JCO Oncology Practice has recently published two important papers: a clinical review article by Elizabeth A Brem MD and Susan O'Brien MD and a commentary by Nitin Jain MD which outline the current frontline therapies for CLL.
Nitin Jain's excellent summary, titled 'Evolving Treatment Paradigm in Frontline CLL', reminds us that:
'The field of CLL has changed remarkably in the last few years with increasing utilization of targeted therapies and a substantial decrease in the use of chemoimmunotherapy. Until recently, chemoimmunotherapy regimens such as fludarabine, cyclophosphamide, and rituximab (FCR), bendamustine and rituximab, and chlorambucil and obinutuzumab were considered standard first-line therapy for patients with CLL. With the introduction of Bruton tyrosine kinase (BTK) inhibitors such as ibrutinib and acalabrutinib and B-cell lymphoma 2 inhibitor venetoclax, the treatment paradigm for CLL has changed dramatically.'
Regarding FCR, he says:
'The role of chemoimmunotherapy is restricted to young patients (typically age < 65 years) with CLL without significant comorbidities who have mutated immunoglobulin heavy chain and no del(17p)/TP53 mutation; this constitutes only about 10% of all patients with CLL requiring first-line therapy.
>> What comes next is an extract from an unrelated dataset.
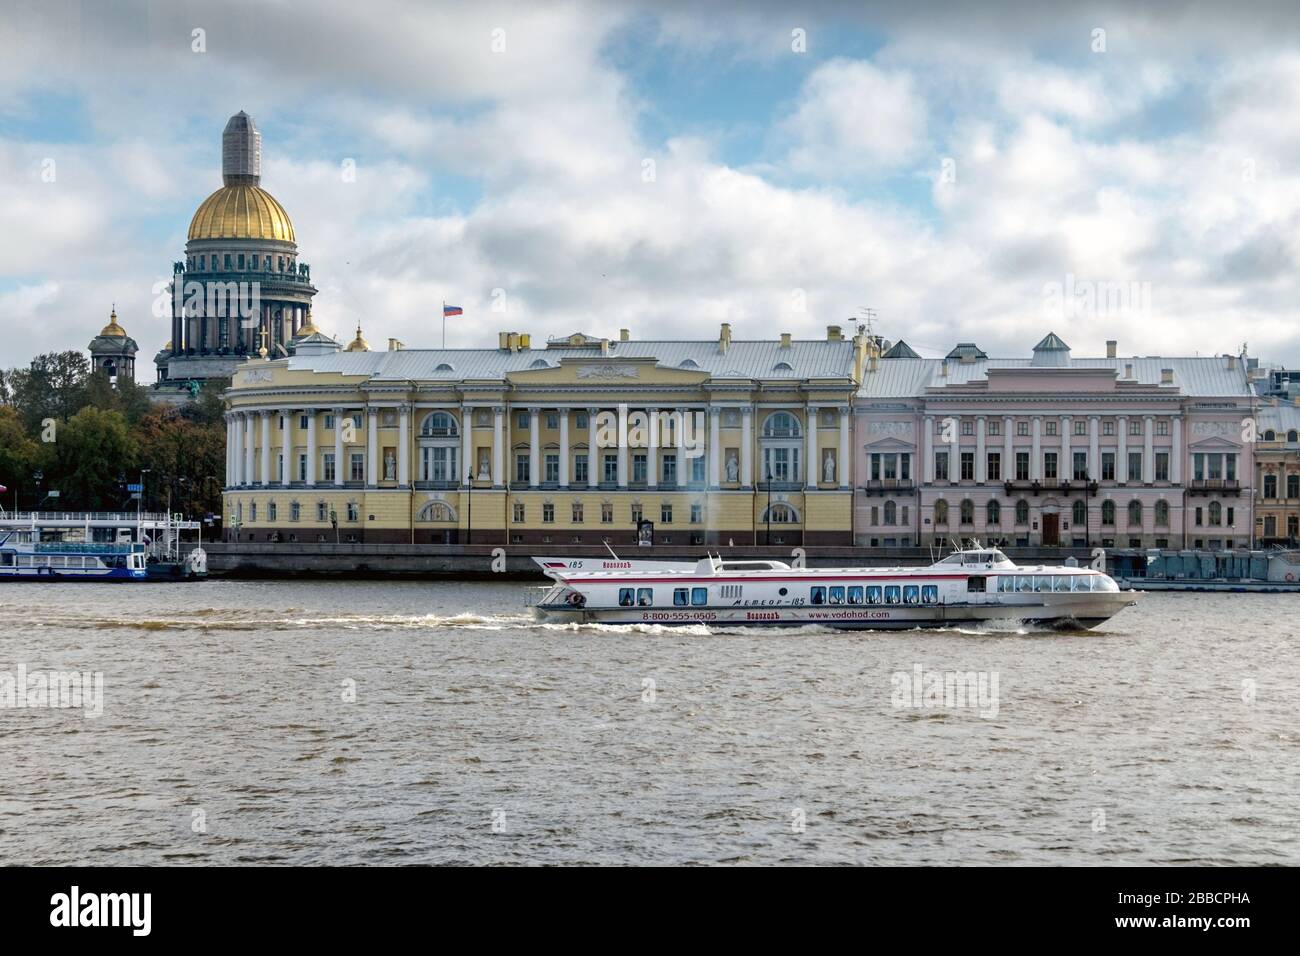 Sightseeing boat on the Neva river in view of the English embankment and St. Isaac's Cathedral, St. Petersburg, Russia Stock Photo

For this patient population, the treatment with FCR regimen can lead to long-term disease-free survival in about 50%-55% of the patients.'
Regarding the start of treatment, he writes:
'It is important to emphasize that the treatment indications as per iwCLL 2018 criteria must be met before therapy is initiated for patients with CLL, even among patients with high-risk genomics such as those with del(17p) or TP53 mutation. When the patient meets treatment criteria, the treatment selection should be based on age, comorbidities, renal function, genomics of CLL, and patient preference.'
The summary article concludes:
'With the currently available therapeutic armamentarium and with the additional therapies in clinical trials such as novel noncovalent BTK inhibitors and cellular therapies, the therapy options will continue to evolve with time and hopefully, the majority of patients with CLL will be able to have a normal life expectancy in the future.'
The review article, 'Frontline Management of CLL in 2021', covers the following topics:
Incorporating Targeting Agents into Initial Therapy for CLL - BTKis, BCL2 Inhibition, Combining BTK and BCL2 Inhibitors
What Order Should These Drugs be Used In?
Special Considerations - CLL With TP53 Mutation or 17p Deletion, COVID-19
Summary:
'As detailed, we now have many effective, well-tolerated agents for the treatment of CLL. Questions still remain as to the optimal combination of agents, the sequencing of agents, and the duration of therapy. Using time-defined courses of therapy is possible, but whether the duration should be dictated by time or the achievement of MRD undetectability in either the peripheral blood or bone marrow remains an open question. It is possible that even if indefinite BTKi therapy is chosen, that MRD data will evolve and support at least a subset of patients stopping therapy at some point.
For most patients, a novel therapy is preferable in the frontline setting compared with chemoimmunotherapy. Given high response rates with ibrutinib, acalabrutinib, and venetoclax, there is no one clearly superior strategy or one-size-fits-all approach. The decision between BTKi- and venetoclax-based therapy will depend on the experience of the provider and the preferences and comorbidities of the patient. The next few years are anticipated to bring not only new drugs but also additional data on combinations and sequences of drugs as well as the potential for MRD testing to inform duration of therapy for individual patients.'
ascopubs.org/doi/full/10.12...
ascopubs.org/doi/abs/10.120...
(my emphasis)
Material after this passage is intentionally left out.